As a solution that’s been officially recognised by IMO as a Category B-1 ‘Innovative Energy Efficiency Solution’ since 2013 (MEPC. 1/Circ. 815), the air lubrication system (ALS) is most certainly on an upward trajectory as shipowners strive to improve the CII ratings of their vessels.
According to DNV’s most recent Maritime Forecast Report as of June 2023 there were currently more than 347 ships worldwide either equipped, retrofitted or contracted for ALS systems. However, the probable number of installations over the next decade runs into thousands.
Although Mitsubishi Heavy Industries launched its Mitsubishi Air Lubrication System (MALS) in 2012, and Finnish company Foreship released its Foreship ALS in 2015, many of the headlines have been grabbed by UK-headquartered Silverstream Technologies. As of the end of November 2023 the company says it has 53 operating vessels with the proprietary Silverstream System installed and a further 180 ships contracted across all segments.
But it appears as though another competitor is now emerging. In 2021, Swedish marine technology group Alfa Laval acquired a minority stake in Rotterdam-based Marine Performance Systems (MPS), before taking up the option of a full buyout in March 2023. The principal attraction was MPS’s ‘fluidic air lubrication system’, FluidicAL, which has now been incorporated into the Alfa Laval portfolio and rebranded as OceanGlide.
Billed as a next-generation ALS, Oceanglide has current and ongoing installations for a Newcastlemax bulk carrier, LR2 tanker, MR2 Tanker, product tanker, ro-ro, and LPG tanker. Alfa Laval says there are a number of other projects in mature stages for installations in 2024 and beyond.
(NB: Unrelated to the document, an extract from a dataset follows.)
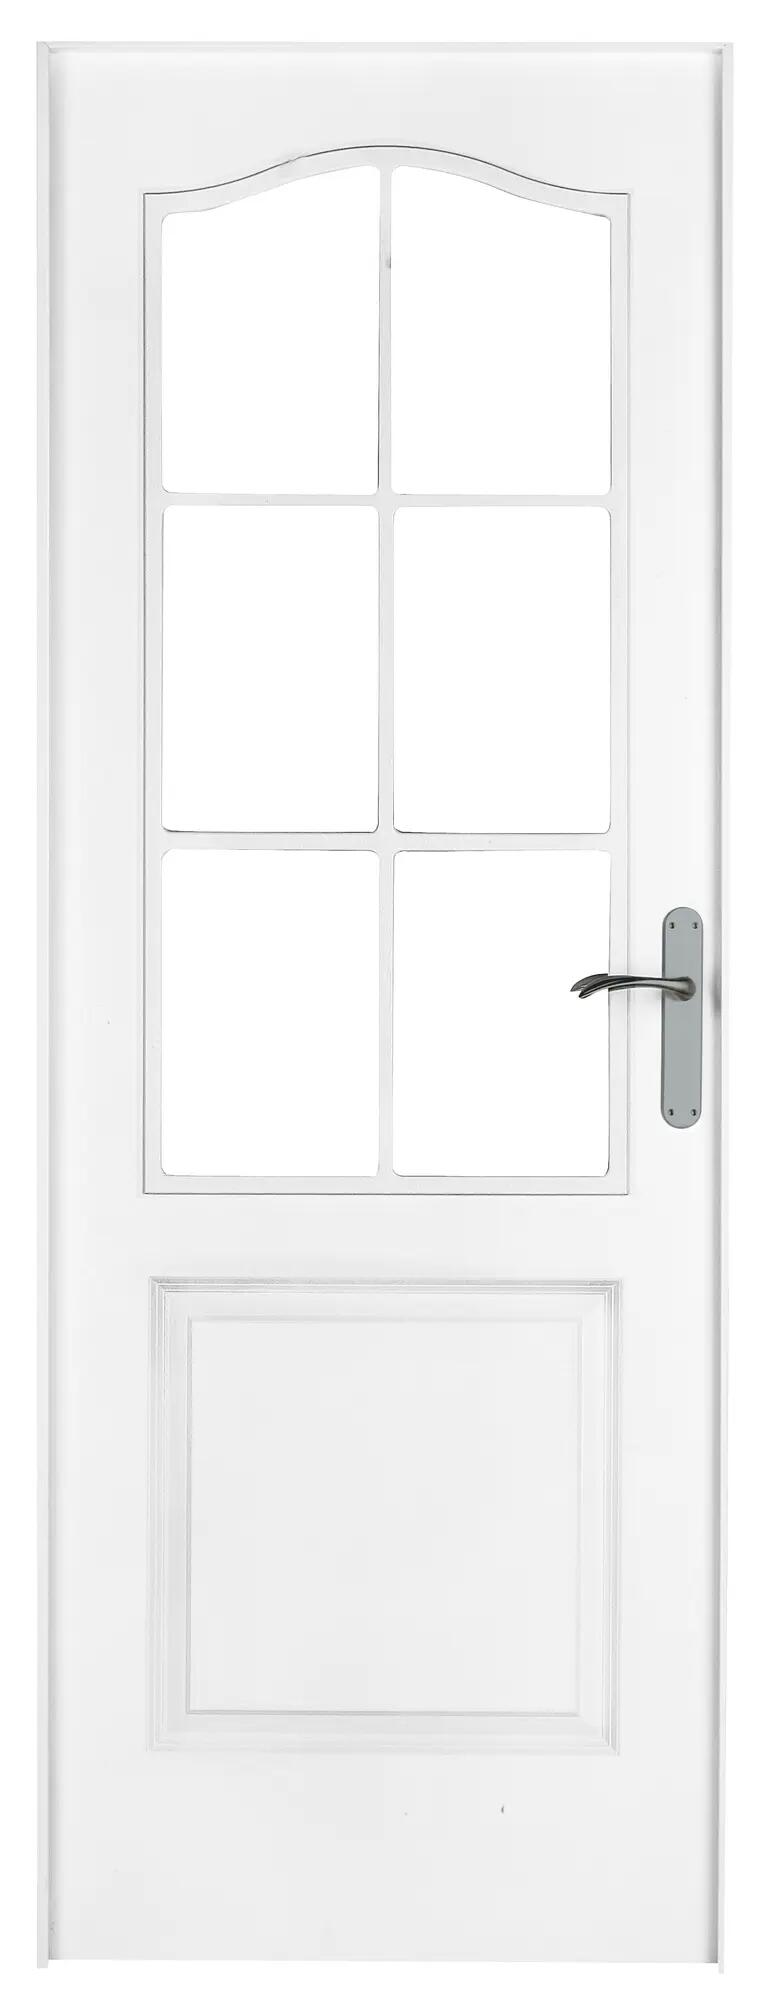 Puerta praga blanco apertura izquierda con cristal 82.5cm

Among notable agreements signed recently is one with Singapore’s Kumiai Navigation that will see one of the operator’s LPG carriers retrofitted. A similar contract has been reached with Odfjell Ship Management for installation onboard a chemical tanker.
Fluidic air lubrication
The MALS, Foreship and Silverstream systems all utilise Bubble Drag Reduction (BDR) technology, a technique first developed during the 1970’s and ‘80’s that uses small or micro-sized air bubbles to reduce liquid density and thereby achieve skin friction reduction by theoretically as much as 80%.
However, as a 2019 white paper by class society ABS noted micro-bubbles are less easily produced at full-scale conditions and are also less effective at lower speeds due to buoyancy. Moreover, as bubbles get larger it becomes more difficult for them to maintain an even, spherical shape in turbulent flows.
By contrast Alfa Laval says Oceanglide is unique in its “intelligent” integration of fluidics – which it describes as the control of fluid pressure and flow by means of precisely shaped channels, without any moving parts – with air lubrication, utilising the air layer drag reduction more efficiently and with more effective coverage compared to traditional BDR.
The company is confident this translates into several advantages: “Firstly, OceanGlide generates an even and dynamic air layer with high efficiency. Using fluidics, it creates uniform air bubbles that coalesce almost instantly. This produces a homogenous air layer with only a small number of compressors. If there are too many compressors, the savings from air lubrication will all be spent on overhead.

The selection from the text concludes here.